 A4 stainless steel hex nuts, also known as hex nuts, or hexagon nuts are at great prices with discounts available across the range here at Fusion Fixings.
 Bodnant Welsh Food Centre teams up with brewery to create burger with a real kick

---

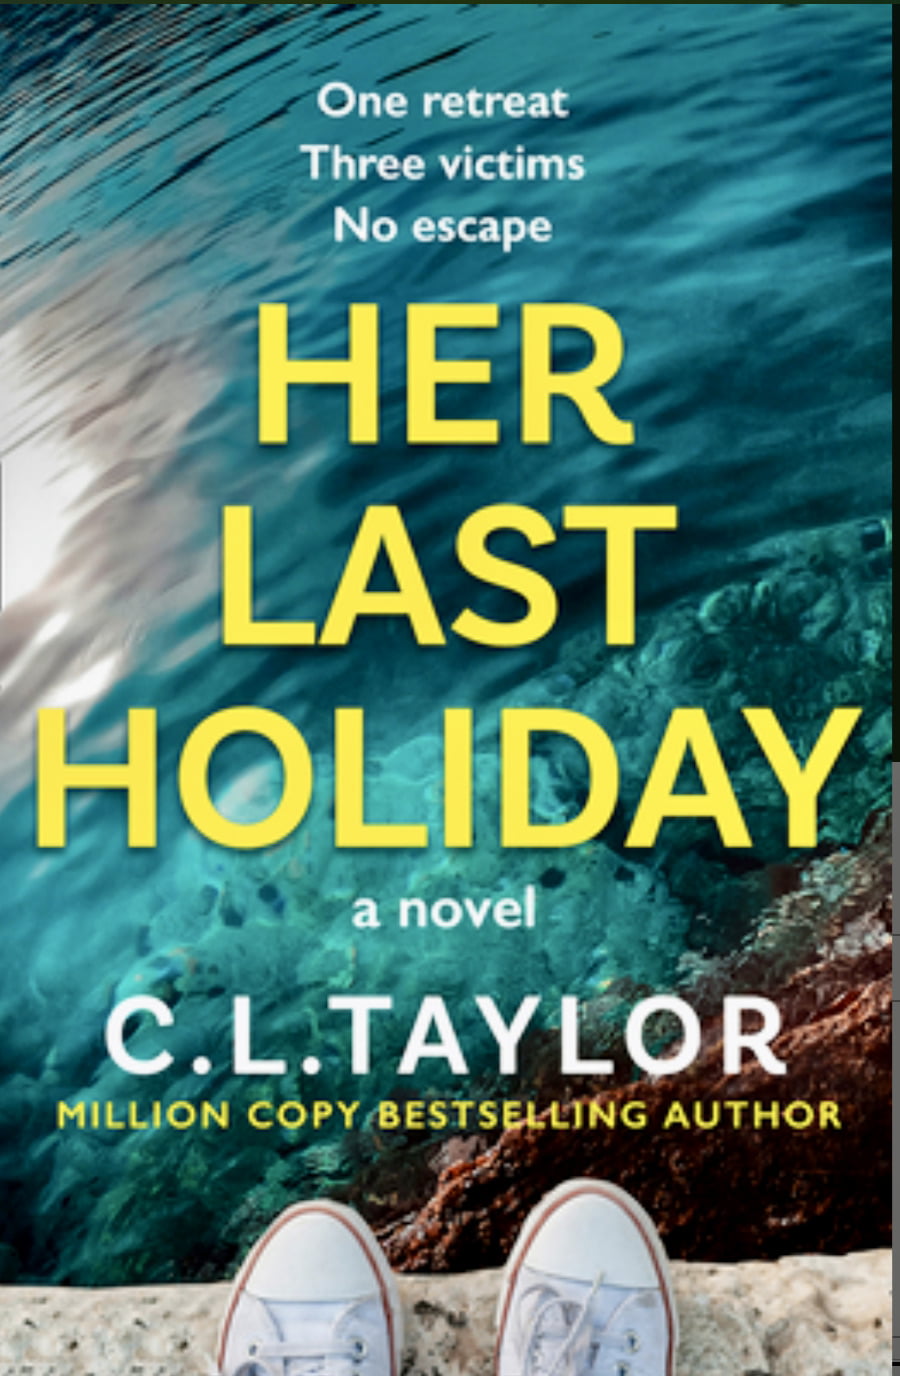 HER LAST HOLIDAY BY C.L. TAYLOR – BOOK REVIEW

==

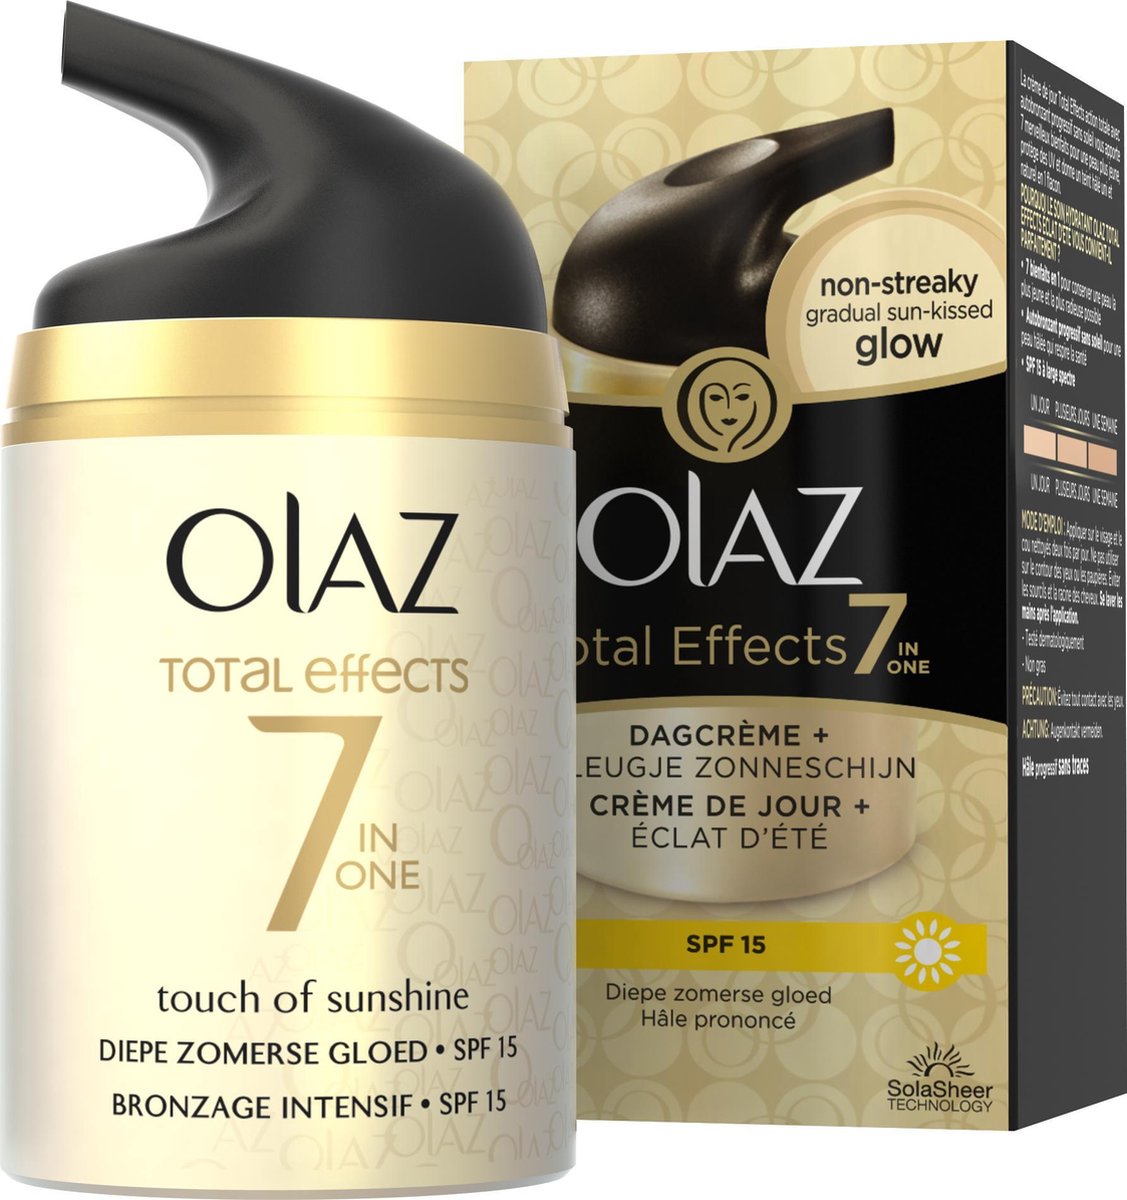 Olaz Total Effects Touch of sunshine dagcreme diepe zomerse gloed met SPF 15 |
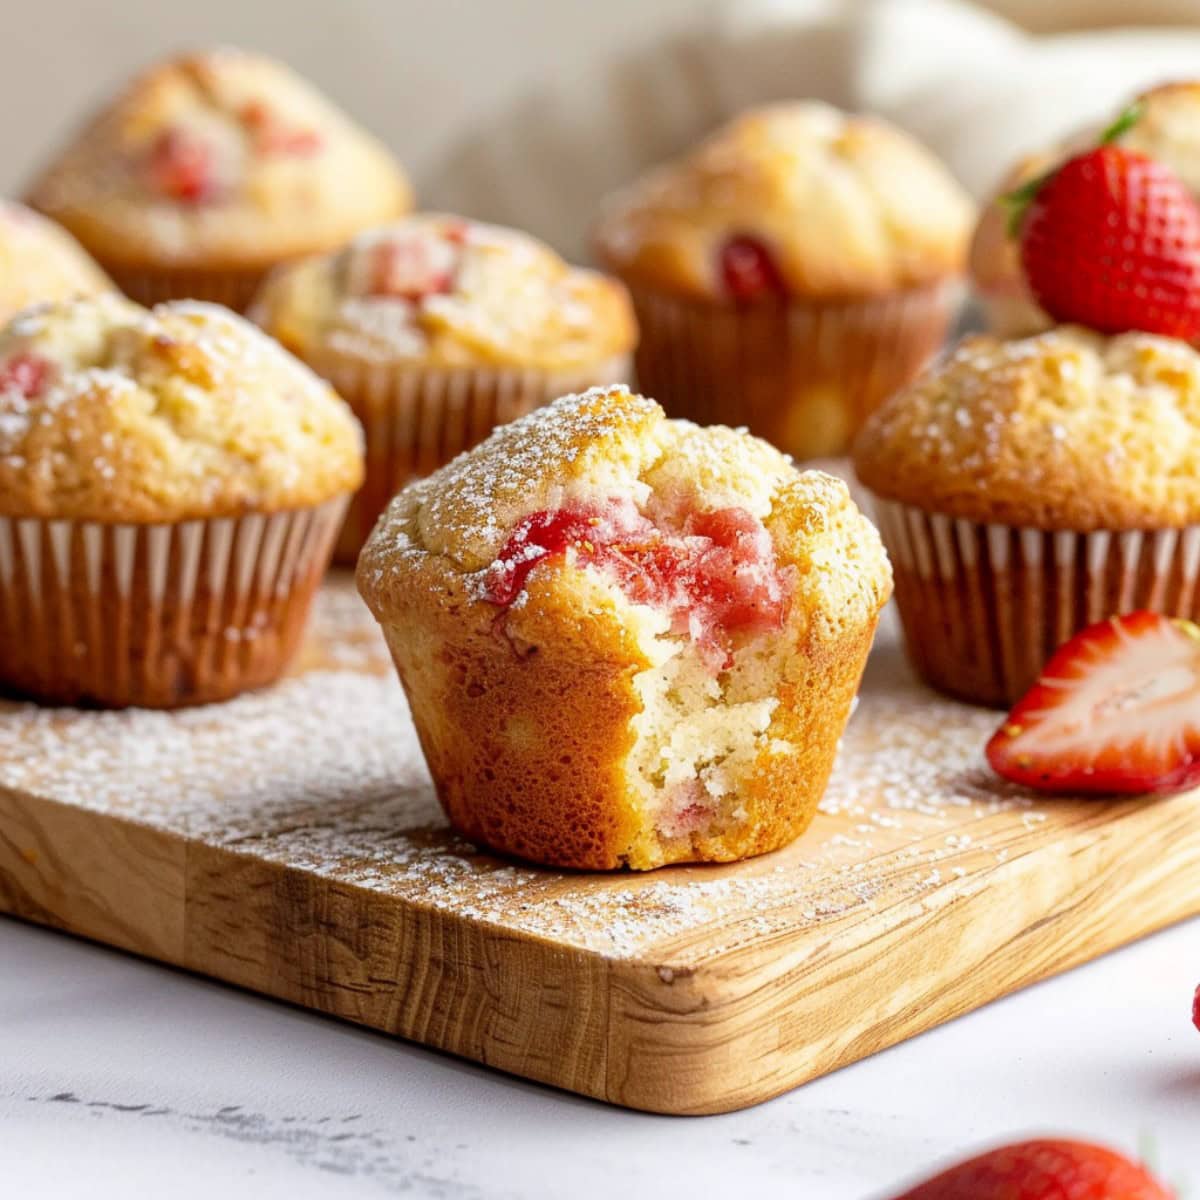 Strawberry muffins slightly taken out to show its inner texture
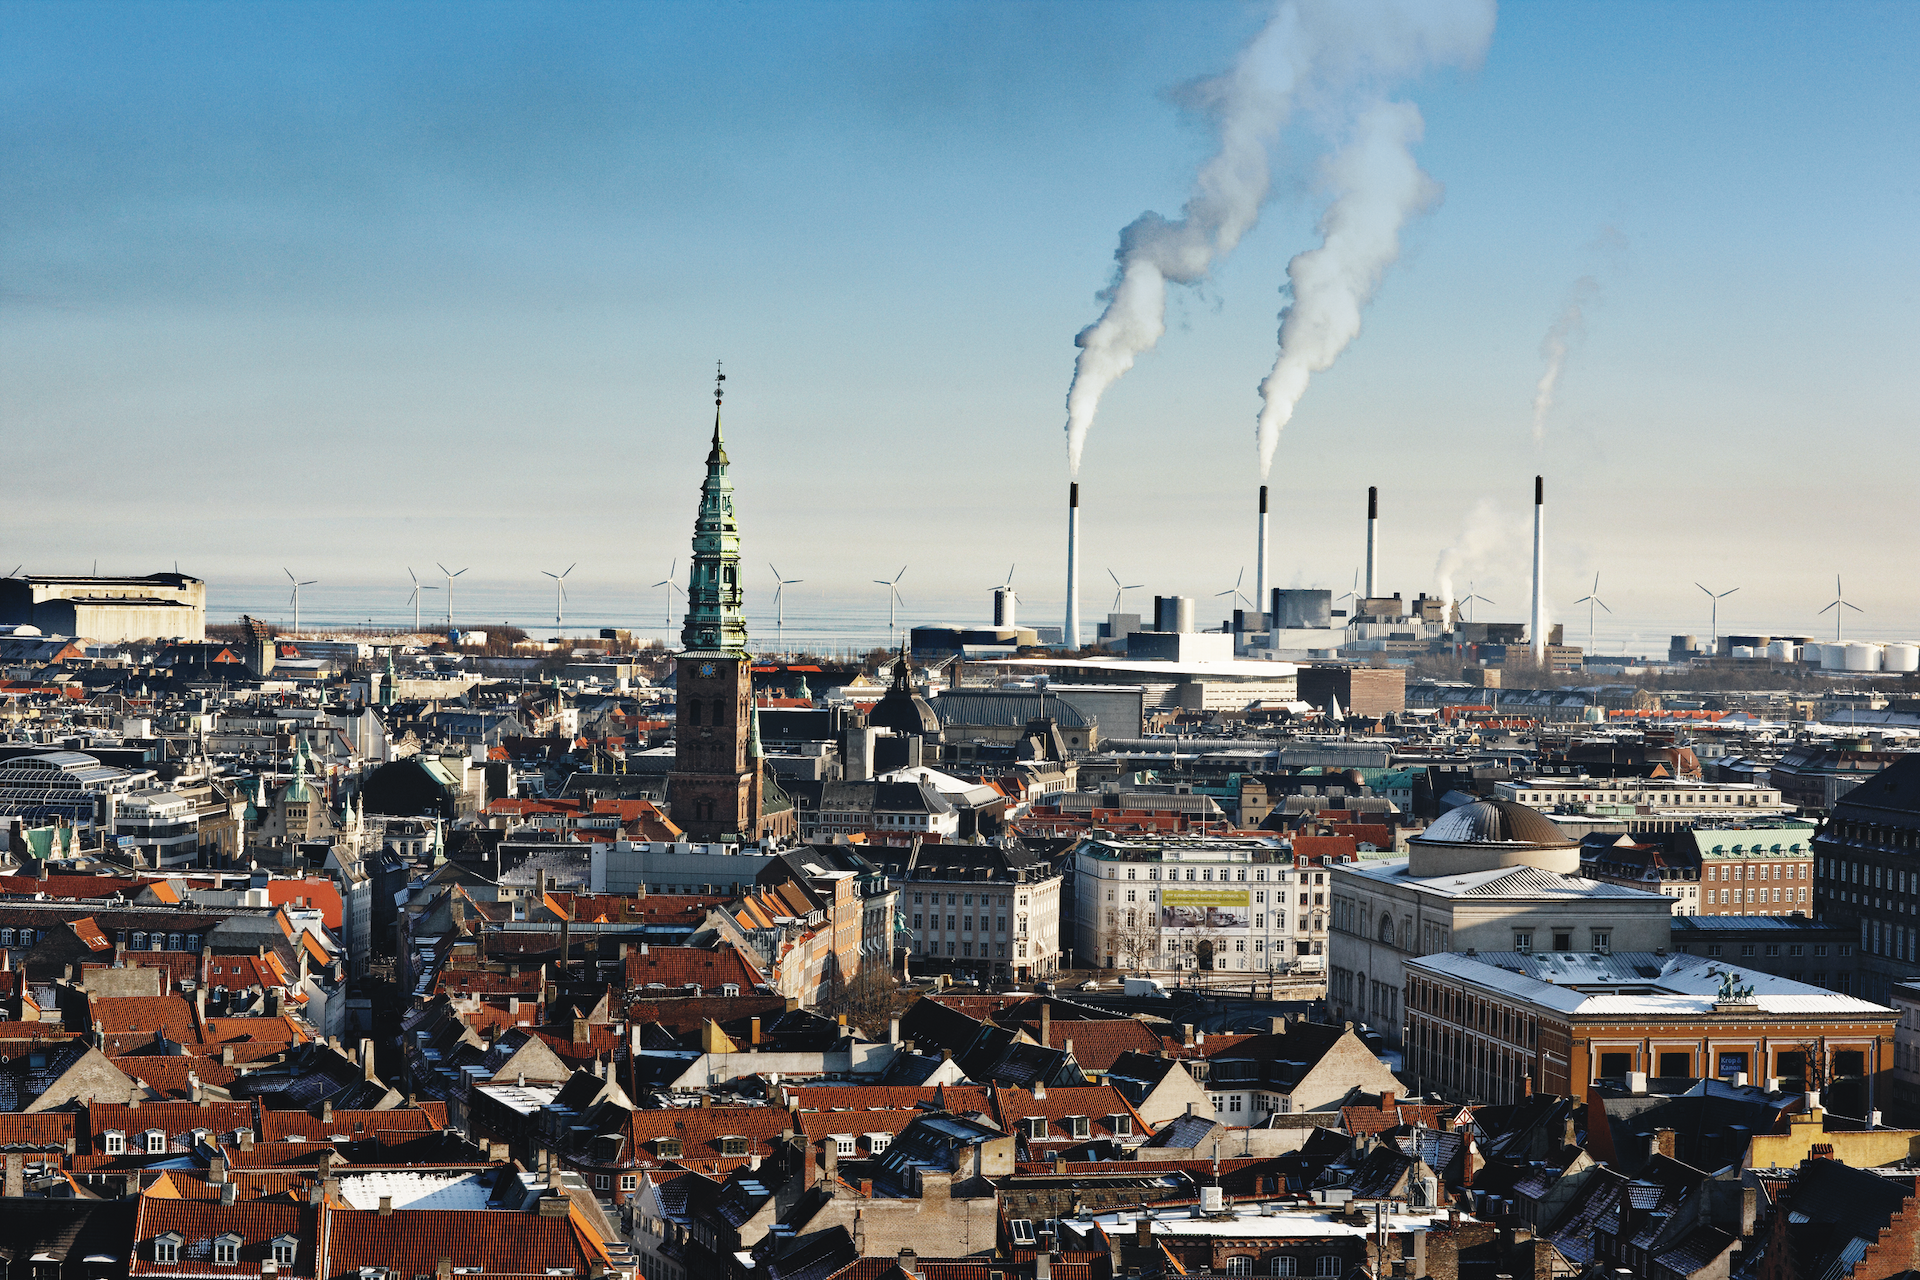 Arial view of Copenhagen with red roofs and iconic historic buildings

[Instructions for the task]: The lines above starting at the one that contains "A4 stainless steel" and ending at the one that contains "Bodnant Welsh Food" must be transcribed exactly, and no other lines may appear.

[Result below]:
 A4 stainless steel hex nuts, also known as hex nuts, or hexagon nuts are at great prices with discounts available across the range here at Fusion Fixings.
 Bodnant Welsh Food Centre teams up with brewery to create burger with a real kick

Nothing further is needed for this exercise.